Does your Child Have a Safety Network?

Child welfare experts encourage parents to help their children develop a safety network; identify five adults they might talk to if something bad happens to them, whether it is inappropriate touching (or worse), or other fears about safety. The five adults in this safety network could be parents, a teacher, a family friend, an aunt, a grandparent or the family doctor. Whoever it is, children need to feel safe.

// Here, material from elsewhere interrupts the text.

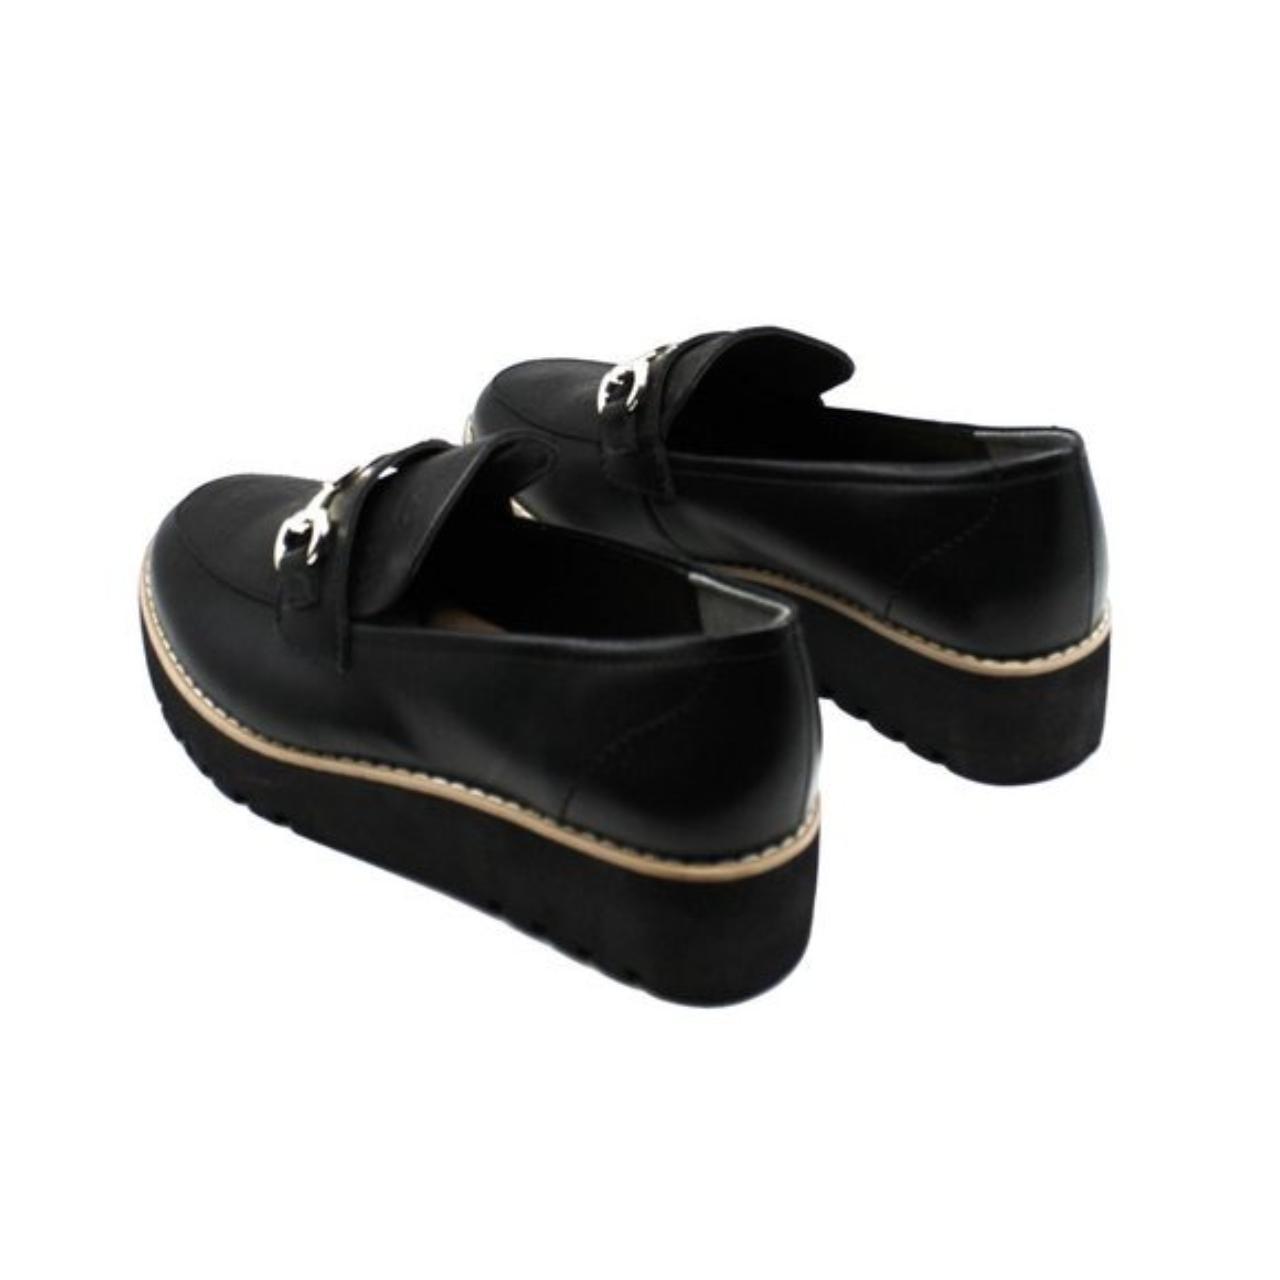 Giani Bernini black leather loafers driving shoes - Depop

Children are vulnerable to abuse by adults because they are naturally trusting and need affection and admiration. Abuse occurs most often by those the child knows and trusts, not strangers. This makes the ultimate effect of the abuse much more painful. Child abuse cannot continue without the benefit of deceit, secrecy and intimidation. If children are approached before they learn anything about social mores regarding sexual behavior (touches of private parts), they are easily drawn in. Children who are abused often get direct instructions not to tell anyone and sometimes these instructions are accompanied by threats or predictions of dire consequences for the child, the family, or even the abuser.

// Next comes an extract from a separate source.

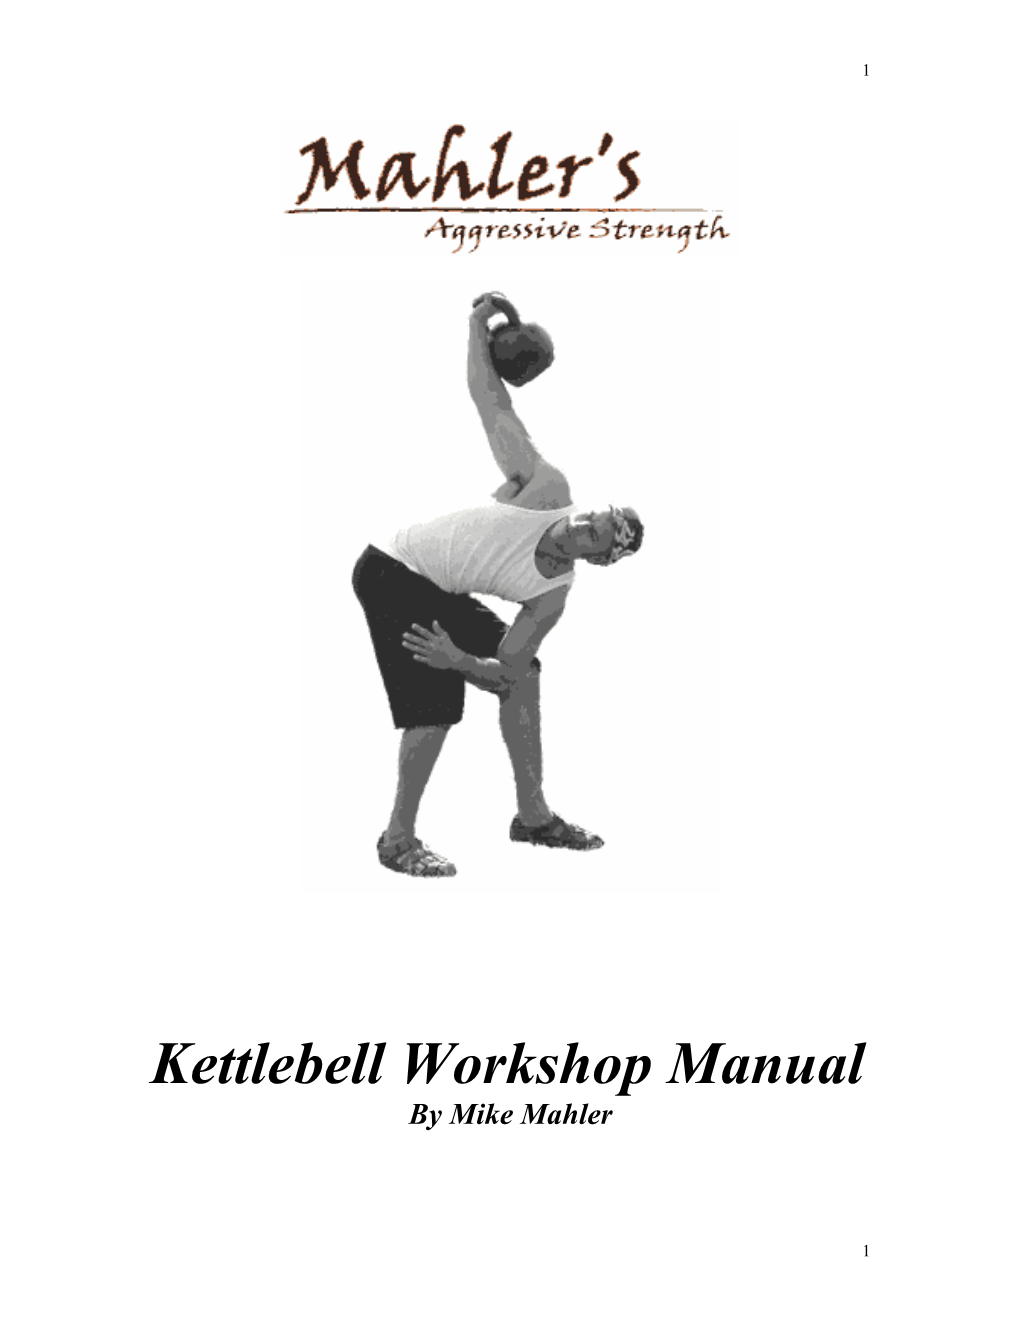 Kettlebell Workshop Manual by Mike Mahler

The safety network has been used as a training tool for protective behaviors on body safety for a long time. As your child becomes older (3+) help them to identify their safety network.  The safety network is effective and fun to do with your child even at home. Basically you trace around a hand (an adult hand is a good idea as it is large), then on the fingers of the hand the child can write the names of people they can talk to if they felt unsafe or scared.. It should be people who will listen, believe and take appropriate action.

If you are doing this activity with your child, remember to guide them to include adults who are both male and female, someone in the home, people outside the home and people outside the family. A good mix of people in the safety network will mean your child has a range of people they know they can talk to about anything.

In the featured image for this article the writer has used their 3 year old nephew’s safety network. Mum and Dad reign supreme of course, followed closely by Teacher Agnes (he is at the age where nothing the teacher ever says is wrong, and this is his first playgroup teacher). Fourth on his list is Aunty Fay; his favorite aunt who is a longtime family friend. Fifth is Valentine, his aunt as well who “understands him” – she speaks to him in “threenage language” and their conversations can last as long as an hour!

Sometimes younger children want to include people or things that you know can’t actually help but they want them on there. This might be a sibling, a toy or in the writer’s  nephew’s case favorite cartoon characters (Jake and the Neverland Pirates, Sophia the First and PJ Masks). You can use the space in the palm of the hand to write that person’s name. But it is important to explain to children that they can ‘practice’ talking to the people on the palm but it’s the people on the fingers that can help.

Go on ahead, get a piece of paper, trace out your palm and do this fun and important safety exercise with your child. It will give you a better insight on who your child trusts as well and they will form part of your extended safety network as a parent.